Like a football coach with a stopwatch, Mr. Klein has been seeking to overhaul how Mr. Brown takes the ball from Mr. King as part of a broader effort to increase the amount of time viewers spend watching the network's prime-time lineup. Specifically, in a ratings game that he says can be won in inches, Mr. Klein has told his staff that that he wants to increase the average amount of time viewers spend watching CNN's prime-time lineup by an average of 30 seconds a month for the next 12 months - for what would be a total gain of six minutes.

Blah, Blah, Blah. It's quite simple Mr. Klein; the American viewing public just seems to find Aaron Brown extremely boring. The same goes for Anderson Cooper and near everyone else at CNN. They are the AOL of the cable news world; they developed the concept but grew stagnant and didn't see the changes coming. Here's more:

In an effort to narrow the gap with Fox at night, Mr. Klein has ruled out one obvious option: he will not, he says, turn CNN's prime-time lineup into a liberal counterpunch to Fox's opinion-driven programming, which draws a heavily conservative audience. "It's much better to be right down the middle," Mr. Klein said in an interview. "Moderates are our sweet spot."

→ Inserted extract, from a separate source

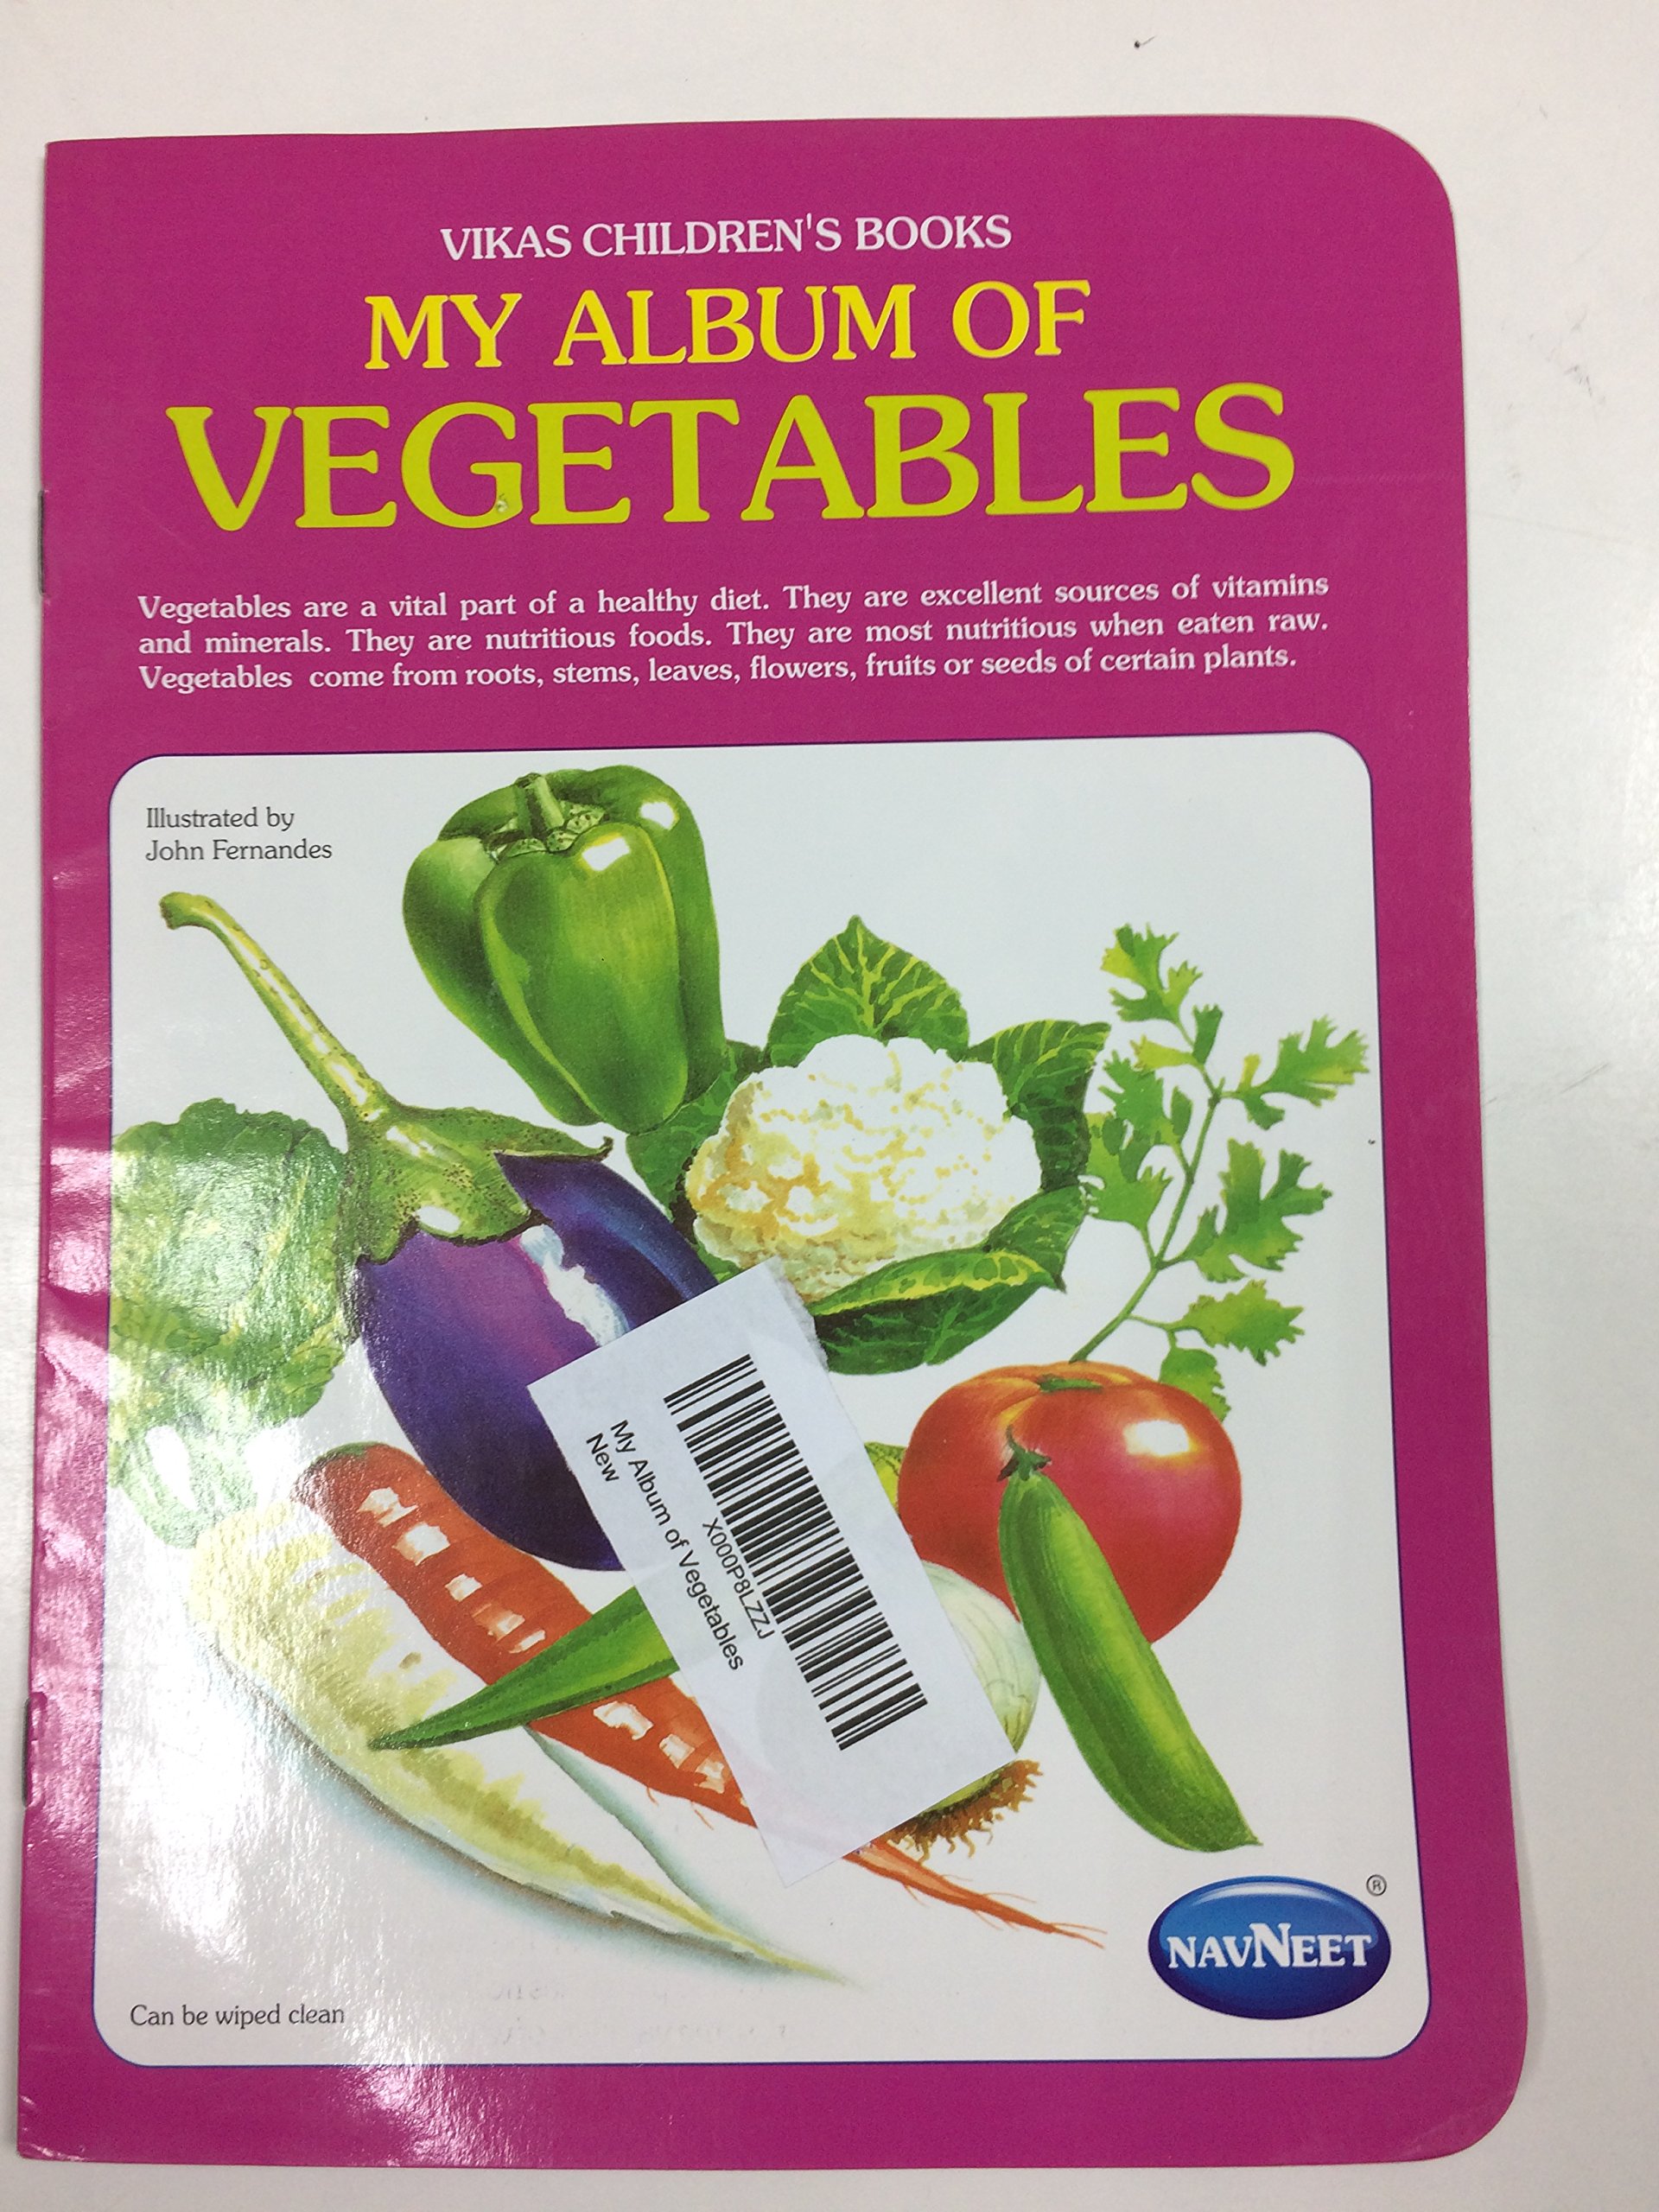 Vikas children's books : my album of vegetables

OK. That Aaron Brown is "right down the middle", right? CNN has never shaken the liberal mindset instilled in its infancy by Ted Turner, until it does it will continue to flounder.

My favorite idea is this:

In a segment last Wednesday on the program "Paula Zahn Now," for example, Rick Sanchez, a former local news anchor who worked for Mr. Cheatwood in Miami and who joined CNN last year, strapped on a device known as a shock belt - worn around the waist, it can deliver 50,000 volts of electricity to a person's body - and then gave a simple command: "Do it."
Moments later, Mr. Sanchez moaned audibly, crumpled to the floor, and, still panting after being helped to his feet, reported: "It hurts. It's painful. But no one's dead."


They might have hit on something here; if they put that shock belt on each of their anchors and the public could shock them everytime they said something stupid, I'd watch. Let's start with Larry King.